Investing.com -- Simpson Oil launched a scathing rebuke of Parkland Fuel Corporation’s (TSX:PKI) board on Friday, accusing directors of delaying a shareholder vote in a bid to push through a $9.1 billion takeover by Sunoco LP (NYSE:SUN). The move, Simpson claims, is a “clear breach of fiduciary duty” and an effort to avoid accountability to shareholders who had lined up behind a board overhaul.
The Cayman Islands-based investment firm, which owns 19.8% of Parkland’s outstanding shares, released the statement hours after Sunoco’s acquisition offer was made public. “Shareholders have spoken – they have lost faith in the current board,” Simpson said, adding that over 60% of shares had been voted using its alternative “GOLD” proxy card supporting new directors.
According to Simpson, Parkland’s board postponed its May 6 annual general meeting in order to couple the director election with a shareholder vote on the Sunoco transaction.
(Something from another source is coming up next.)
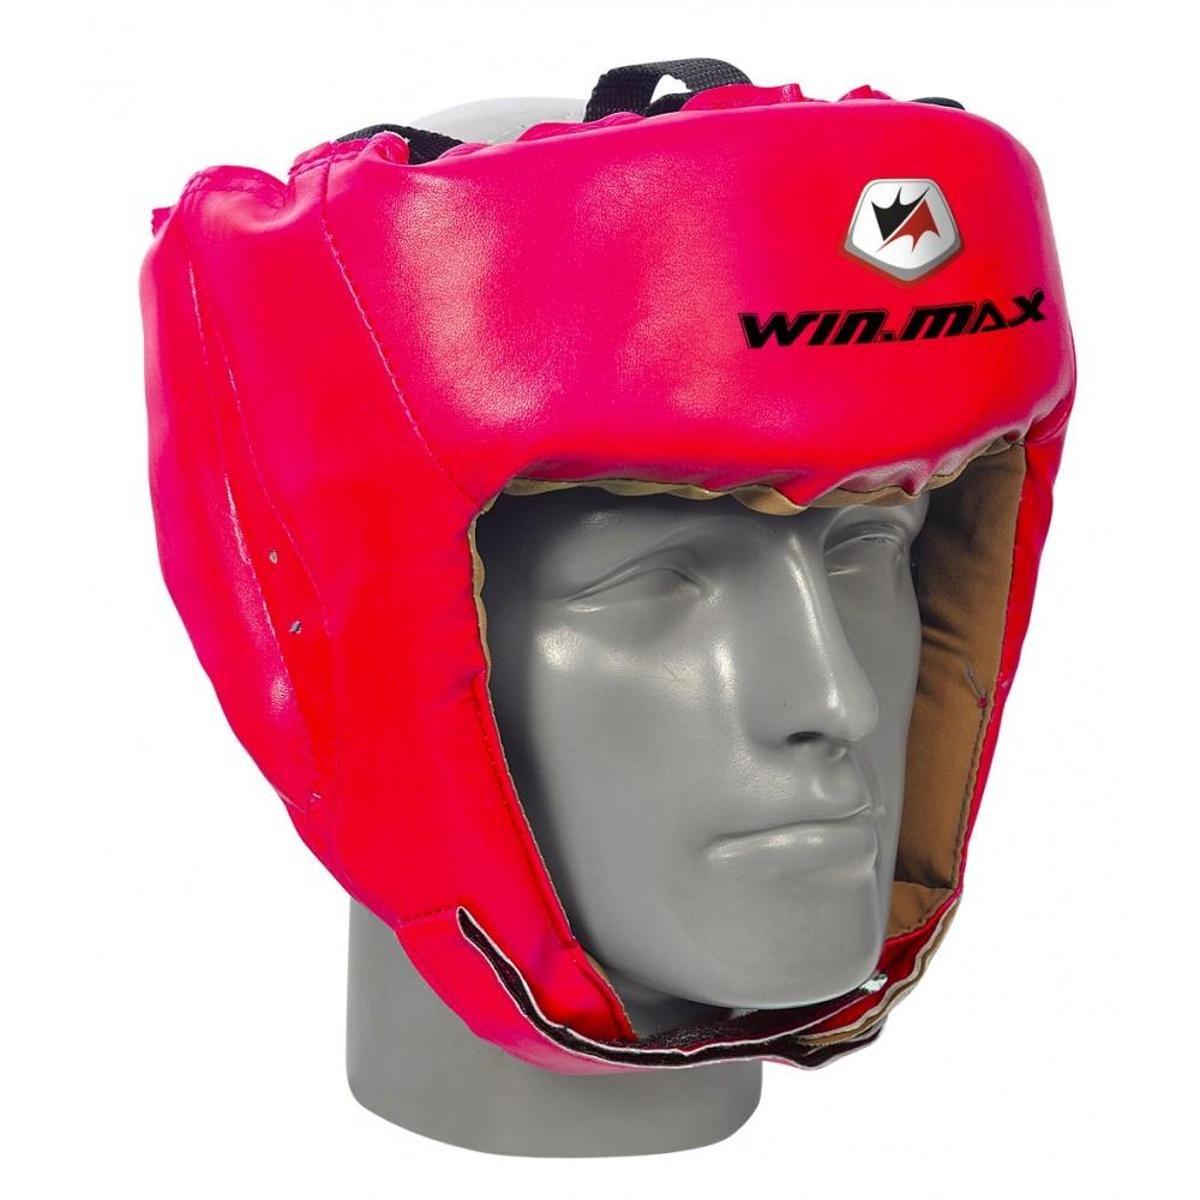 Protetor de Cabeça Winmax - Vermelho - Compre Agora   Netshoes 92fd018ef2

In response, Simpson announced it would seek a court order from Alberta’s Court of King’s Bench to proceed with the meeting as originally scheduled.
The Sunoco offer, valued at C$44 per Parkland share, arrives after months of mounting pressure from activist investors, including Simpson and Engine Capital. The Parkland board had retained Goldman Sachs (NYSE:GS) and BofA Securities to conduct a strategic review earlier this year amid weak financial performance and investor frustration with former CEO Bob Espey.
That pressure culminated in Espey’s resignation in April and the nomination of nine new directors by Simpson Oil. The Sunoco deal, struck just days before the scheduled vote, now appears as a defensive maneuver aimed at wresting control of the company’s fate before new leadership could be elected.
Simpson specifically named Executive Chair Mike Jennings, accusing him of “value destruction and a prolonged battle” with shareholders. “This eleventh-hour maneuver represents a new turn in the Board’s deplorable track record of governance,” the firm wrote, calling for the immediate resignation of all 11 incumbent directors.
Parkland had been on the radar of suitors before; Sunoco made an $8.1 billion offer in 2023 that was rejected. With boardroom upheaval looming, the improved 2025 offer suggests a well-timed attempt to preempt shareholder intervention.
The controversy now casts a shadow over a deal marketed as transformational. While the merger would create the largest independent fuel distributor in the Americas, joining Parkland’s Canadian and Caribbean footprint with Sunoco’s U.S. infrastructure, Simpson’s legal challenge may delay or derail its timeline.
With the AGM’s fate now in court and proxy votes largely cast, Parkland’s next move could determine whether the acquisition proceeds or is revisited under a reconstituted board.